Ultimately, statistics plays a crucial role in numerous academic disciplines, serving as a powerful tool for extracting knowledge, informing decisions, and advancing human understanding.

What is a variable?

What is a variable?

A statistical variable is a characteristic, attribute, or quantity that can assume different values and can be measured or counted within a given population or sample. It's essentially a property that changes across individuals or observations.

Key Points:

  • Variability: The defining feature is that the variable takes on different values across units of analysis.
  • Measurable: The values must be quantifiable, not just qualitative descriptions.
  • Population vs. Sample: Variables can be defined for a whole population or a sampled subset.

Examples:

  • Human height in centimeters (continuous variable)
  • Eye color (categorical variable with specific options)
  • Annual income in dollars (continuous variable)
  • Number of siblings (discrete variable with whole number values)

Applications:

  • Research: Identifying and measuring variables of interest is crucial in research questions and designing studies.
  • Data analysis: Different statistical methods are applied based on the type of variable (continuous, categorical, etc.).
  • Modeling: Variables are the building blocks of statistical models that explore relationships and make predictions.
  • Summaries and comparisons: We use descriptive statistics like averages, medians, and standard deviations to summarize characteristics of variables.

Types of Variables:

  • Quantitative: Measurable on a numerical scale (e.g., height, income, age).
  • Qualitative: Described by categories or attributes (e.g., eye color, education level, city).
  • Discrete: Takes on distinct, countable values (e.g., number of children, shoe size).
  • Continuous: Takes on any value within a range (e.g., weight, temperature, time).
  • Dependent: Variable being studied and potentially influenced by other variables.
  • Independent: Variable influencing the dependent variable.
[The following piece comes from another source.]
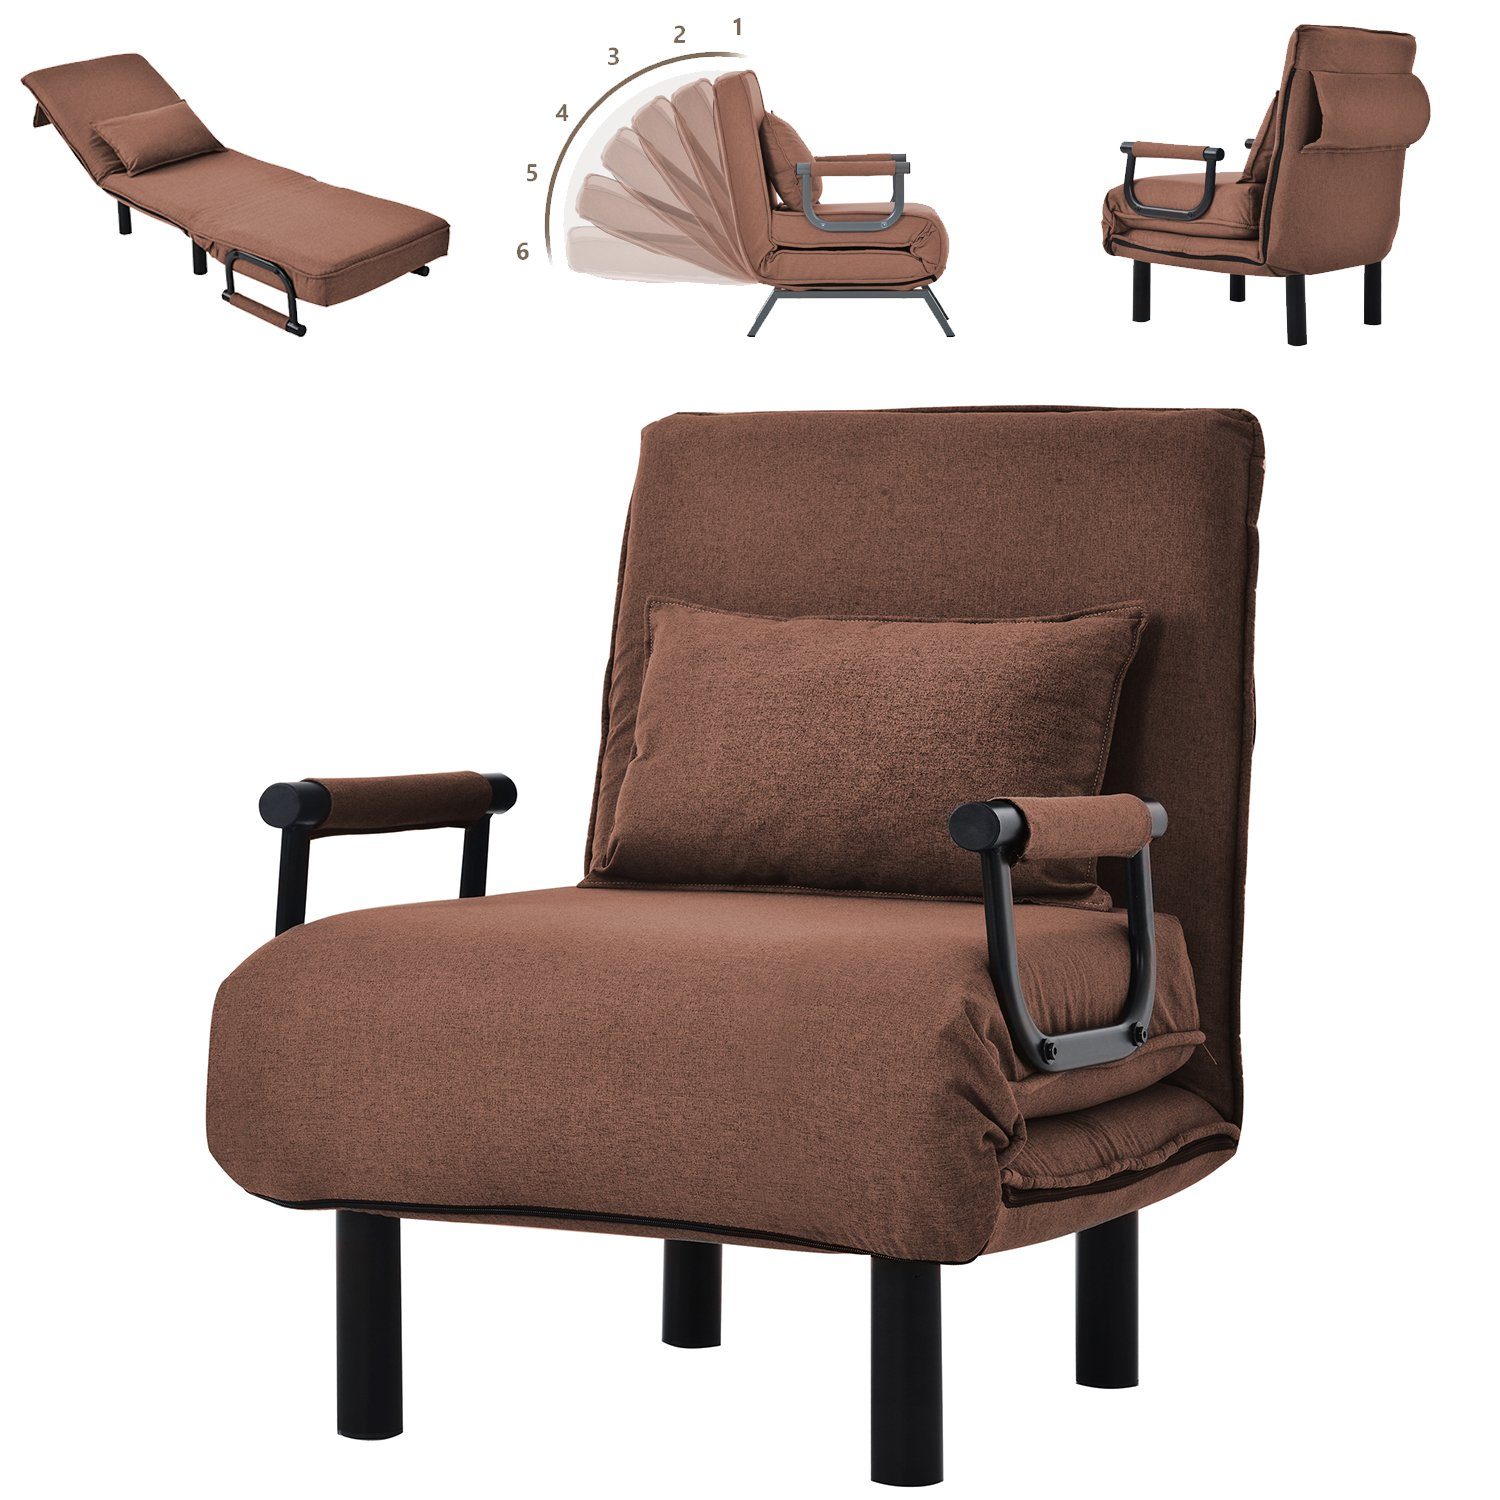 Dedom Relaxsessel Relaxsessel,Fernsehsessel,verstellbare Rückenlehne mit 6 Positionen Braun
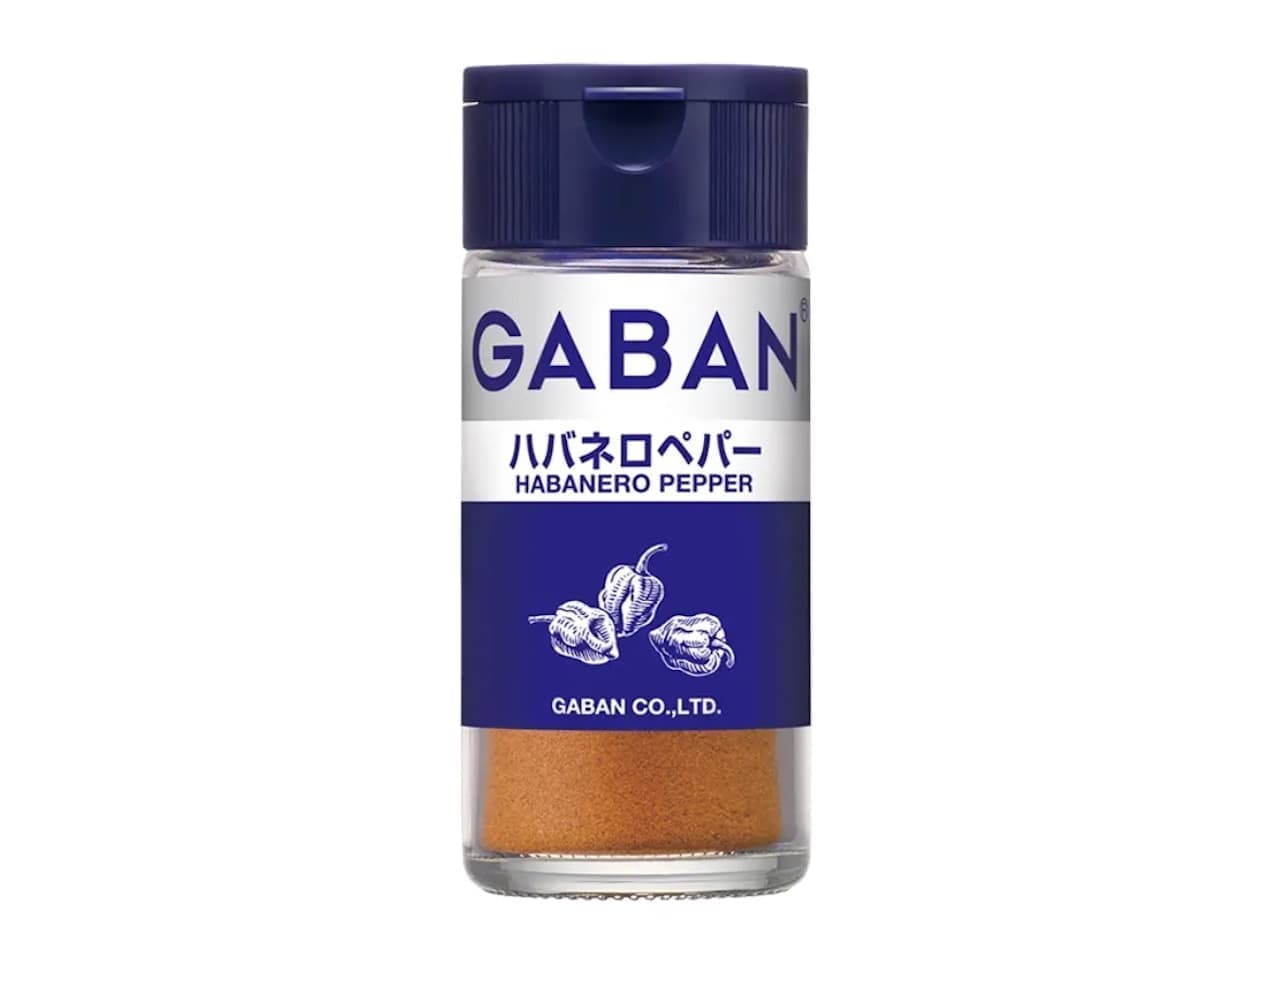 GABAN "Habanero Pepper"

Understanding variables is crucial for interpreting data, choosing appropriate statistical methods, and drawing valid conclusions from your analysis.

What is the difference between the dependent and independent variables?

What is the difference between the dependent and independent variables?

The dependent and independent variables are two crucial concepts in research and statistical analysis. They represent the factors involved in understanding cause-and-effect relationships.

Independent Variable:

  • Definition: The variable that is manipulated or controlled by the researcher. It's the cause in a cause-and-effect relationship.
  • Applications:
    • Experimental design: The researcher changes the independent variable to observe its effect on the dependent variable.
    • Observational studies: The researcher measures the independent variable alongside the dependent variable to see if any correlations exist.
    • Examples: Dose of medication, study method, temperature in an experiment.

Dependent Variable:

  • Definition: The variable that is measured and expected to change in response to the independent variable. It's the effect in a cause-and-effect relationship.
  • Applications:
    • Measures the outcome or response of interest in a study.
    • Affected by changes in the independent variable.
    • Examples: Plant growth, test score, patient recovery rate.

Key Differences:

FeatureIndependent VariableDependent Variable
ManipulationControlled by researcherMeasured by researcher
RoleCauseEffect
ExampleStudy methodTest score

Side Notes:

  • In some cases, the distinction between independent and dependent variables can be less clear-cut, especially in complex studies or observational settings.
  • Sometimes, multiple independent variables may influence a single dependent variable.
  • Understanding the relationship between them is crucial for drawing valid conclusions from your research or analysis.

Additional Applications:

  • Regression analysis: Independent variables are used to predict the dependent variable.
  • Hypotheses testing: We test whether changes in the independent variable cause changes in the dependent variable as predicted by our hypothesis.
  • Model building: Both independent and dependent variables are used to build models that explain and predict real-world phenomena.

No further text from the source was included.